Perform a full chat round (user -> model [-> function -> model -> …] -> user).

Yields each non-user ChatMessage created during the round. A ChatMessage will have at least one of (content, function_call).

Use this in an async for loop, like so:

async for msg in kani.full_round("How's the weather?"):
    print(msg.text)

Parameters:

query – The content of the user’s chat message. Can be None to generate a completion without a user prompt.
max_function_rounds – The maximum number of function calling rounds to perform in this round. If this number is reached, the model is allowed to generate a final response without any functions defined.

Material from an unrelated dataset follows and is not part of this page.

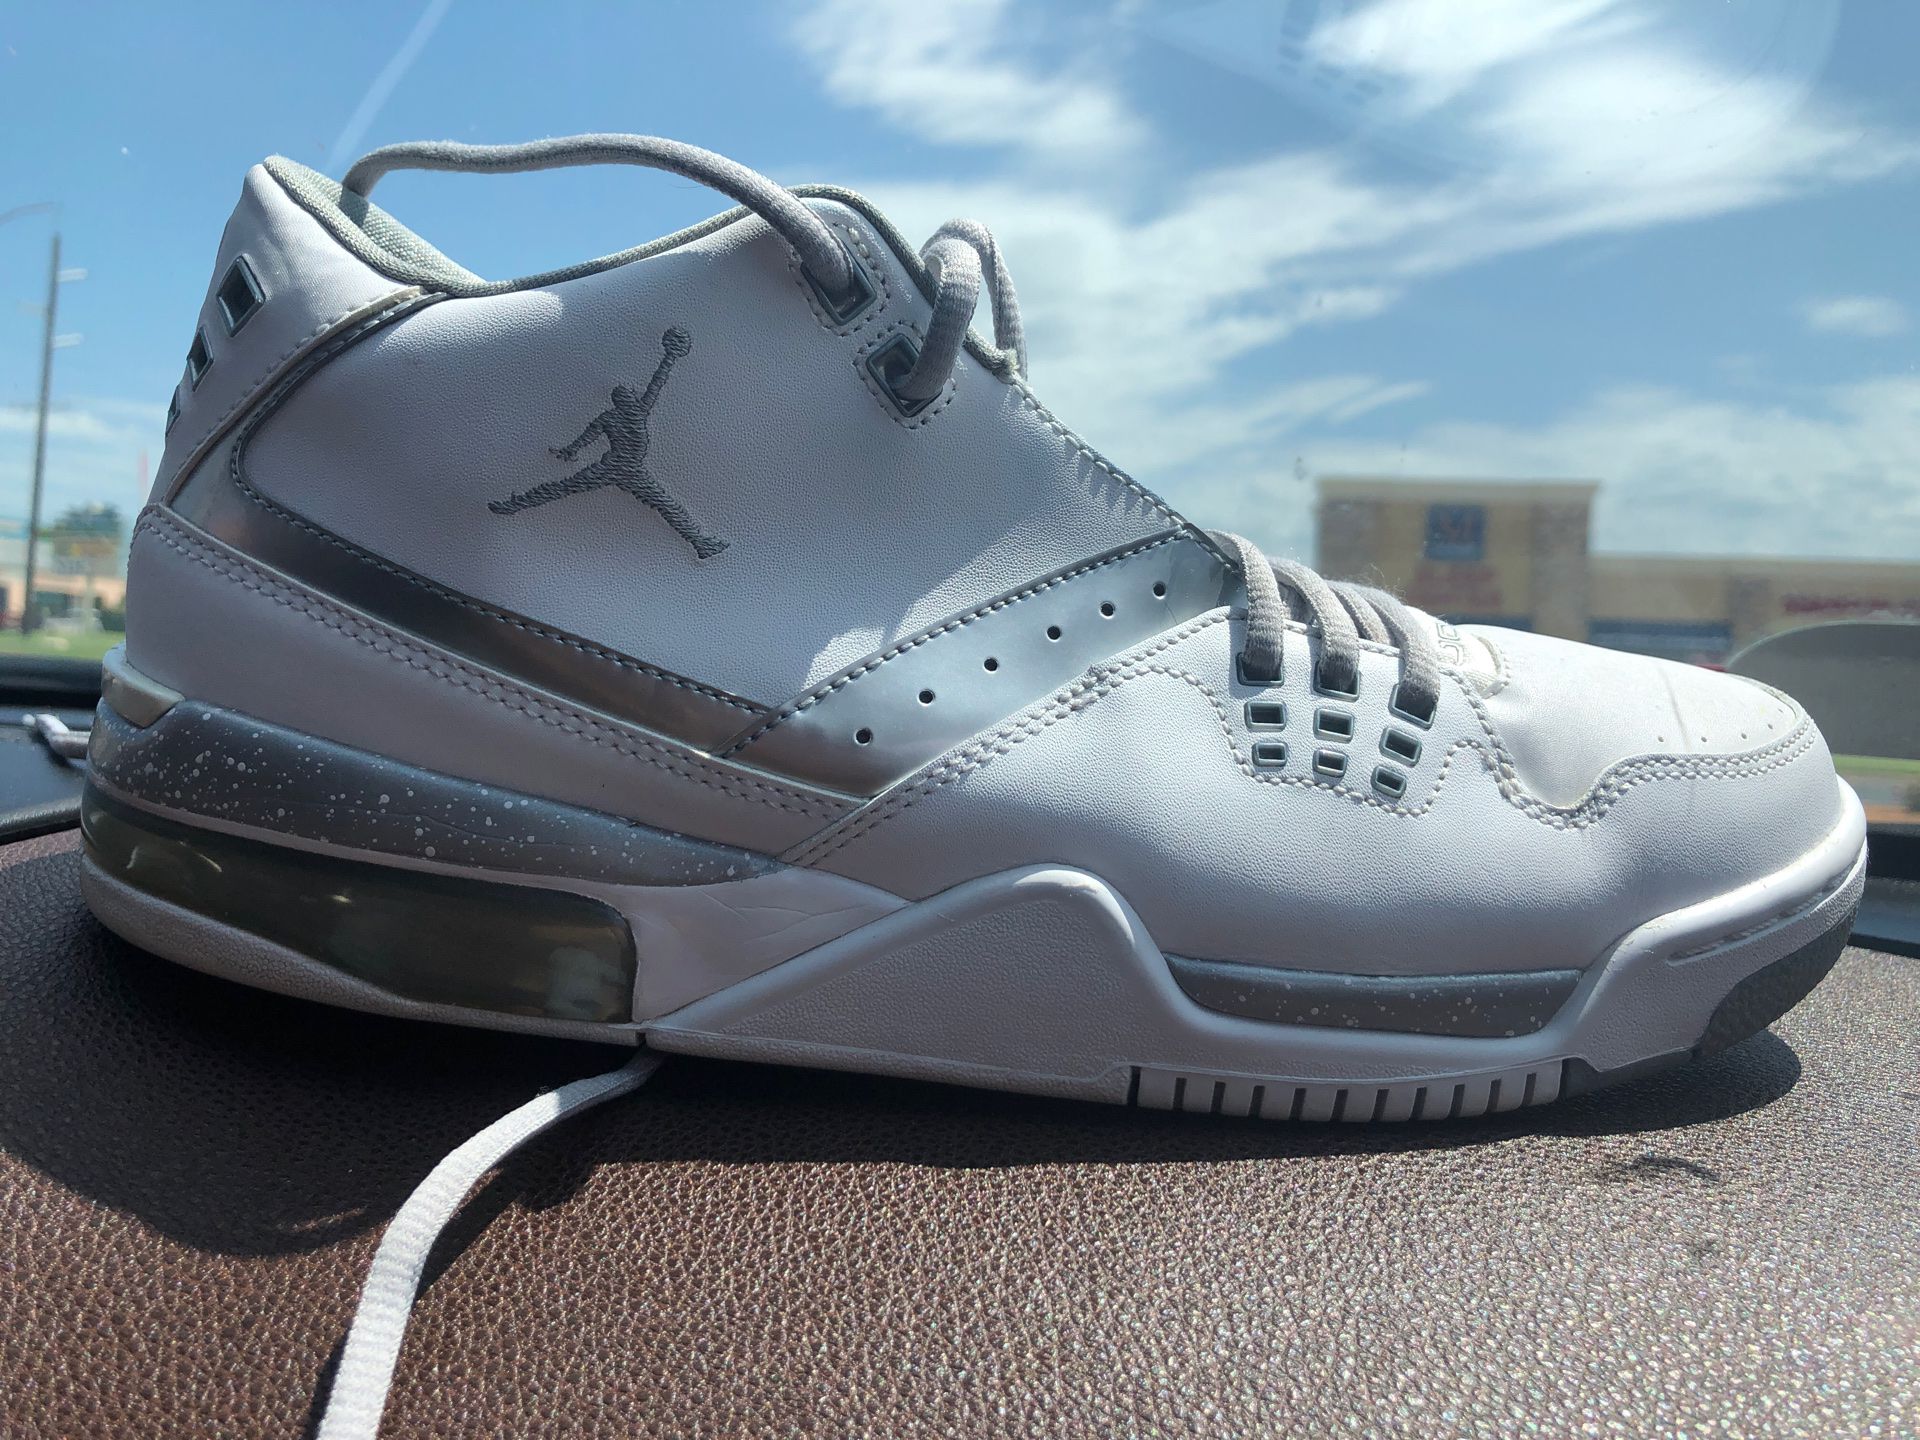 Men’s Jordan shoes

Default unlimited (continues until model’s response does not contain a function call).
kwargs – Additional arguments to pass to the model engine (e.g. decoding arguments).

Important

These are asynchronous methods, which means you’ll need to be in an async context.

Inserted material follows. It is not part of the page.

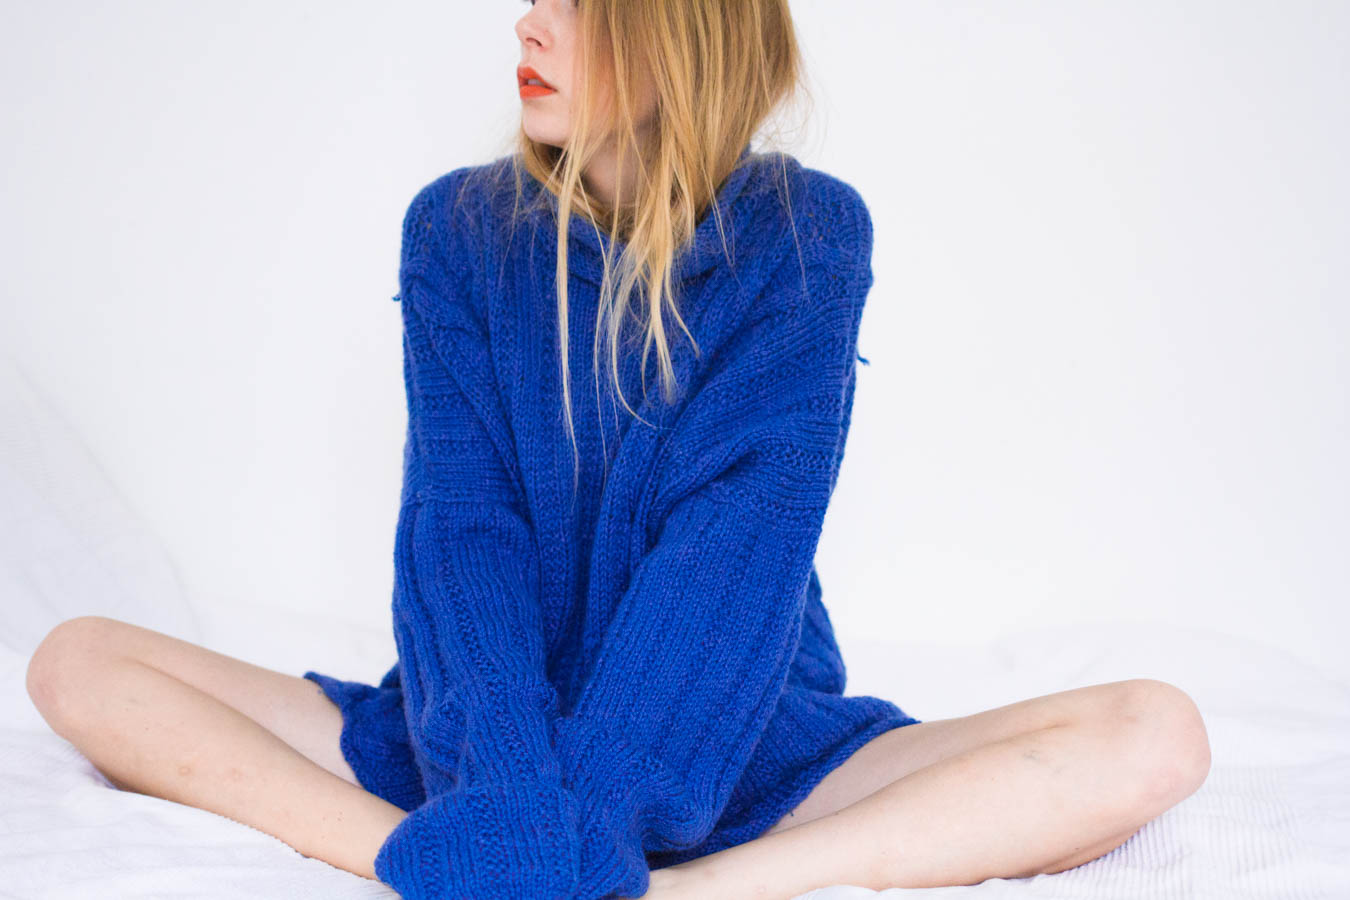 nemesis babe blog marie jensen blue knit sunday post-3

Web frameworks like FastAPI and Flask 2 allow your route methods to be async, meaning you can await a kani method from within your route method without having to get too in the weeds with asyncio.

Otherwise, you can create an async context by defining an async function and using asyncio.run(). For example, here’s how you might implement a simple chat:

import asyncio
from kani import Kani
from kani.engines.openai import OpenAIEngine

api_key = "sk-..."
engine = OpenAIEngine(api_key, model="gpt-4o-mini")
ai = Kani(engine, system_prompt="You are a helpful assistant.")

# define your function normally, using `async def` instead of `def`
async def chat_with_kani():
    while True:
        user_message = input("USER: ")
        # now, you can use `await` to call kani's async methods
        message = await ai.chat_round_str(user_message)
        print("AI:", message)

# use `asyncio.run` to call your async function to start the program
asyncio.run(chat_with_kani())

Engines¶

Engines are responsible for interfacing with a language model.

This table lists the engines built in to kani:

Model Name	Extra	Capabilities	Engine
All OpenAI Models	`openai`	🛠️ 🖼	`kani.engines.openai.OpenAIEngine`
All Anthropic Models	`anthropic`	🛠️ 🖼	`kani.engines.anthropic.AnthropicEngine`
All Google AI Models	`google`	🛠️ 🖼	`kani.engines.google.GoogleAIEngine`
🤗 transformers[3]	`huggingface`[1]	(model-specific)	`kani.engines.huggingface.HuggingEngine`
llama.cpp[2]	`cpp`	(model-specific)	`kani.engines.llamacpp.LlamaCppEngine`
vLLM[2]	`vllm`	(model-specific)	`kani.ext.vllm.VLLMEngine`, `VLLMServerEngine`, or `VLLMOpenAIEngine`

Additional models using the classes above are also supported - see the model zoo for a more comprehensive list of models!

Legend

🛠️: Supports function calling.
🖼: Supports multimodal inputs.

Concept: Chat Messages¶

At a high level, a Kani is responsible for managing a list of ChatMessage: the chat session associated with it. You can access the chat messages through the Kani.chat_history attribute.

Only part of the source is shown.